Don’t expect any flash hotels or resorts, as it’s still very much an under-the-radar Brazilian hideaway. Instead, book into one of the many pousadas (guesthouses) that line the canal ways and paddleboard along the still waters to pick up your pão de quejo (cheese bread) each morning.
5. Babylon, Iraq
After a bid that started in 1982 and five successive refusals, the ancient ruins of Babylon in Iraq have finally become a Unesco-acknowledged site. Situated 85km south of Baghdad, the ancient city was once the capital of the Neo-Babylonian Empire and was the site of the mythical Hanging Gardens. Visible signs of villages, the outer and inner city walls, plus expansive palaces and detailed temples date back to between 626 and 530 BCE here, representing a unique testimony to one of the most influential empires that the world has ever seen.

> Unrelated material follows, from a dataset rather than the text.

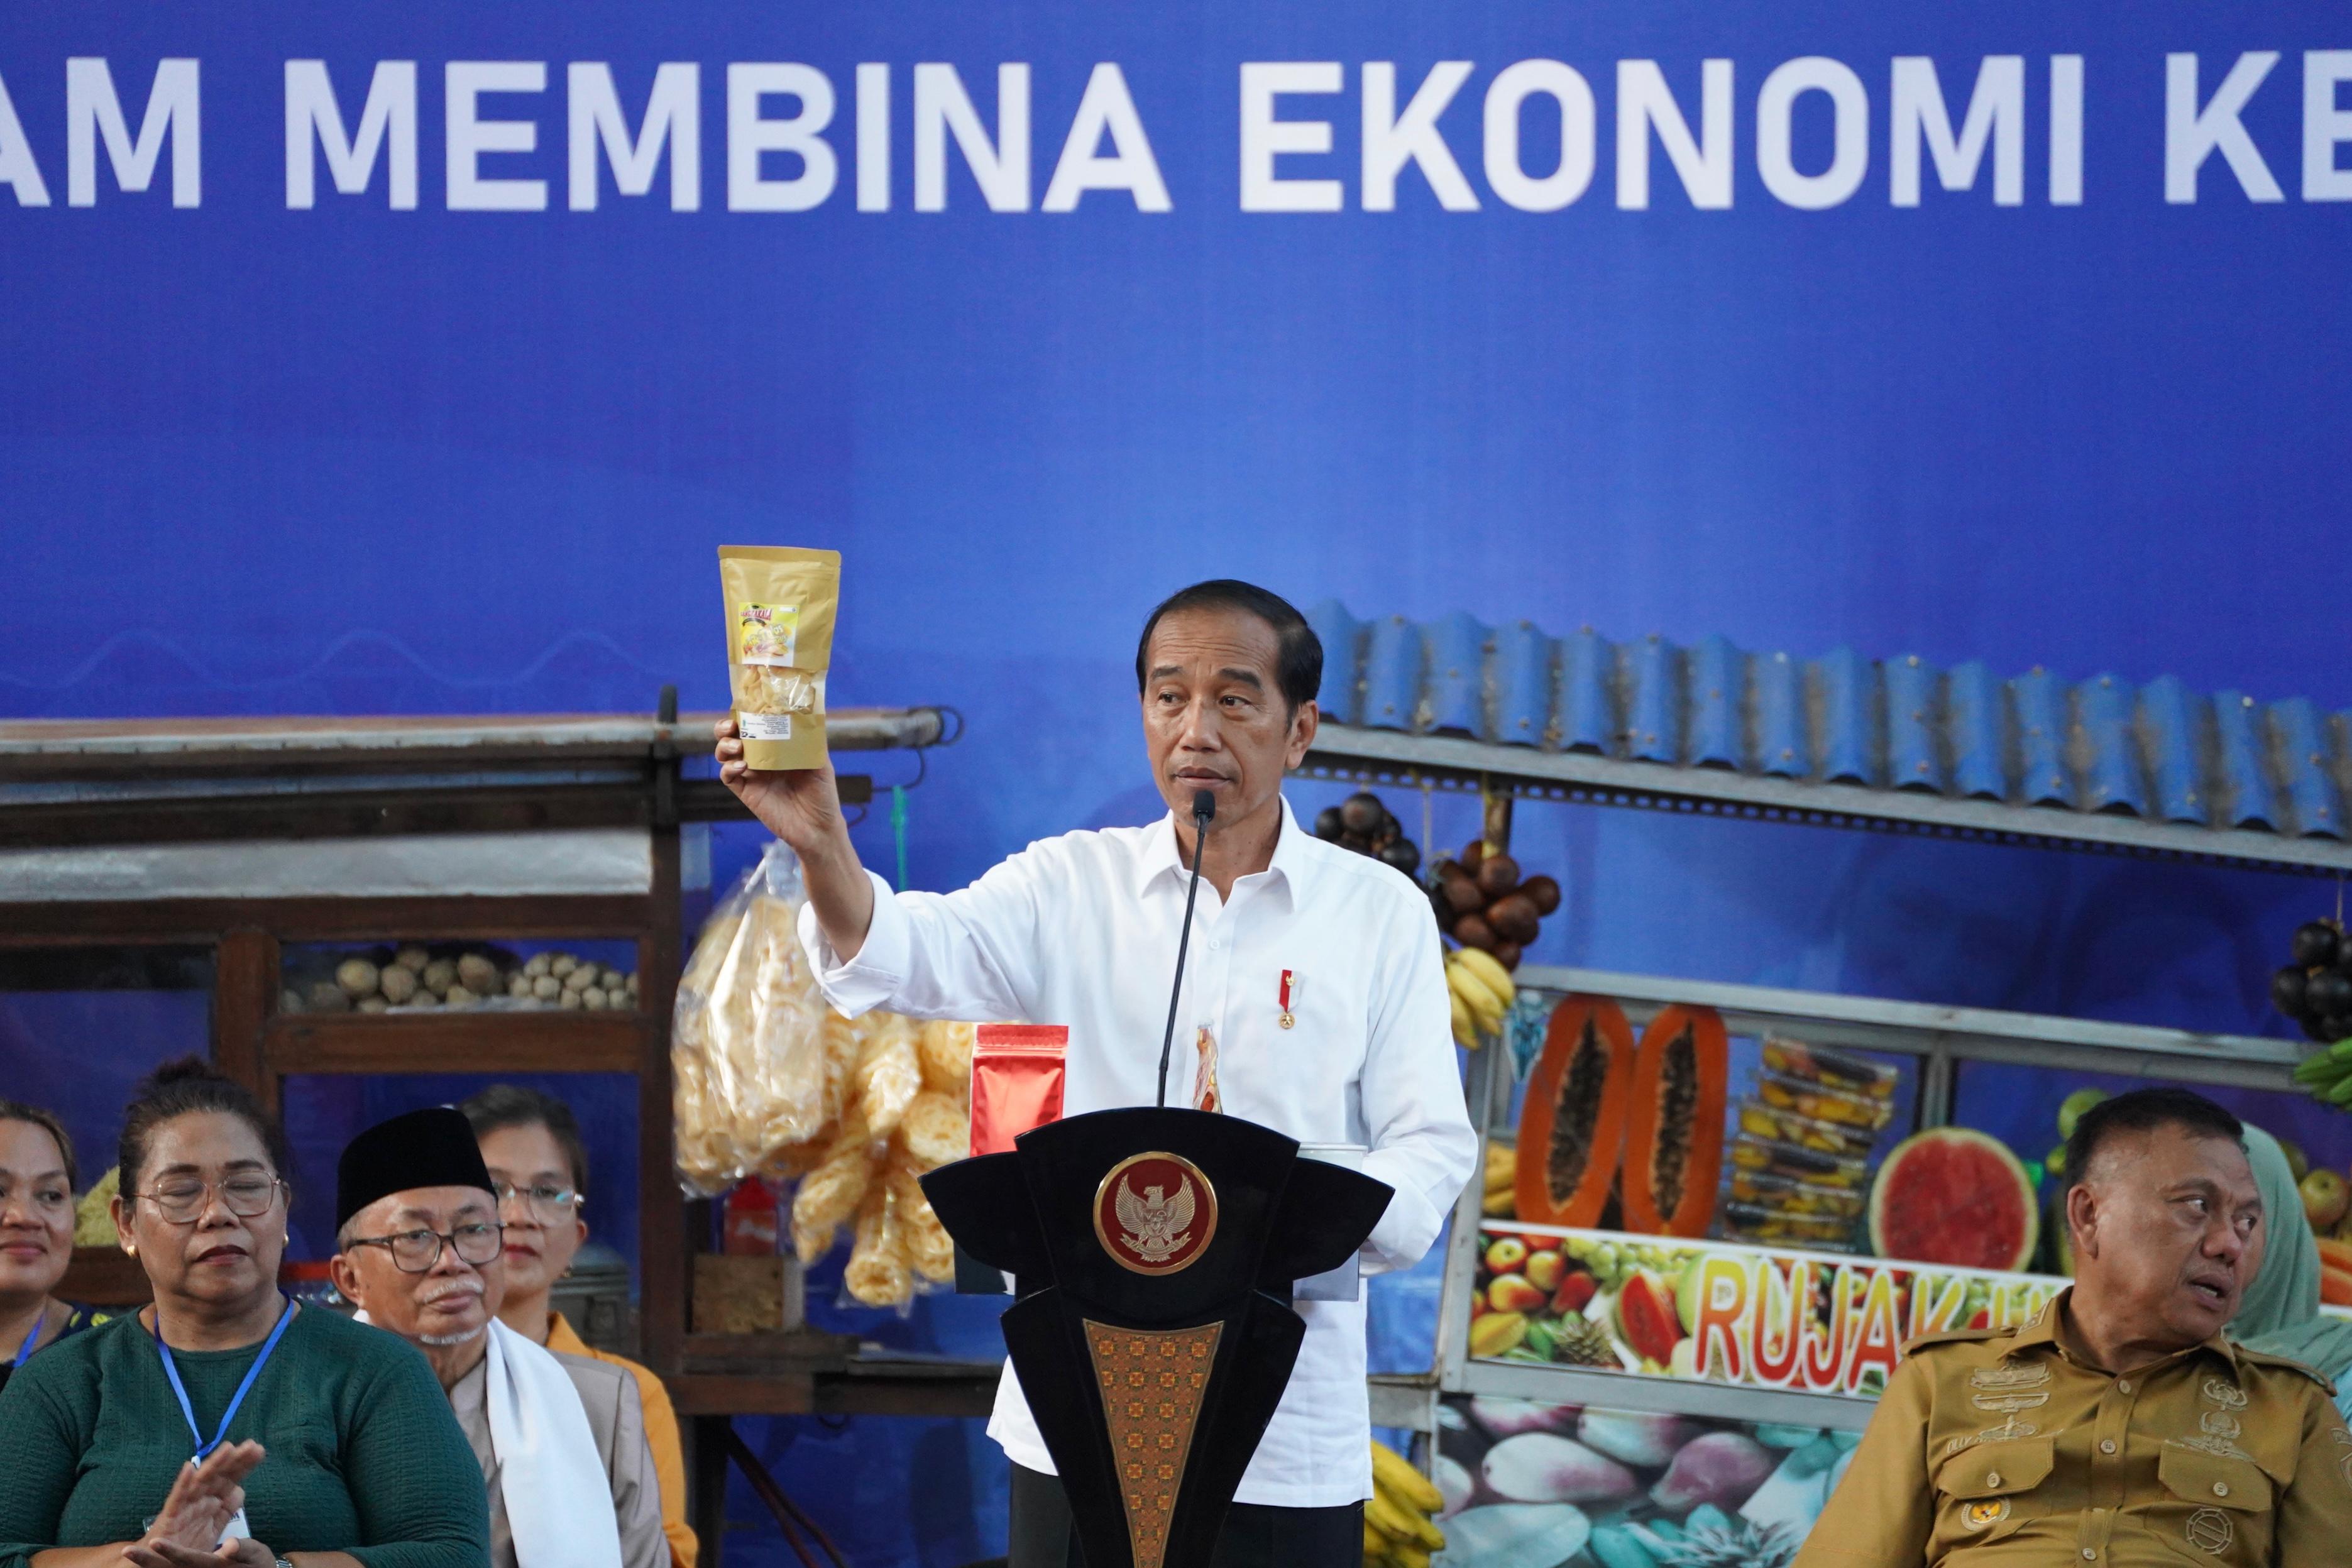 Bikin Nama Produk dengan Nama Anaknya, Nasabah Mekaar Ini Dipuji Jokowi

Unfortunately, the monuments aren’t very well preserved as they shared a site with one of Saddam Hussein’s work-in-progress replica palaces and a US military base. Thankfully, being awarded Unesco status includes aid for restoration, which will help further preserve and protect the site from future damage.
6. Bagan, Myanmar
Set to become what Angkor Wat is to Cambodia and Machu Picchu is to Peru, Bagan is a sacred landscape dotted with hundreds of glistening, golden Buddhist temples, ornate frescoes and treasured archaeological remains. Exploring the temples on foot will highlight the stylistic differences between each one and provide an invaluable insight into the importance of the Bagan region which, between the 11th and 13th century, was the capital of the Pagan Empire.
As part of winning the Unesco award, certain conservation targets must be met, which includes moving hotels that currently crowd the area to a dedicated hotel zone outside of the now-protected site. It’s a popular place for pilgrimages and already fast emerging as a tourist hotspot, so shun the crowds by taking a crack-of-dawn hot air balloon trip where the views alone will forgo the need for your morning caffeine fix.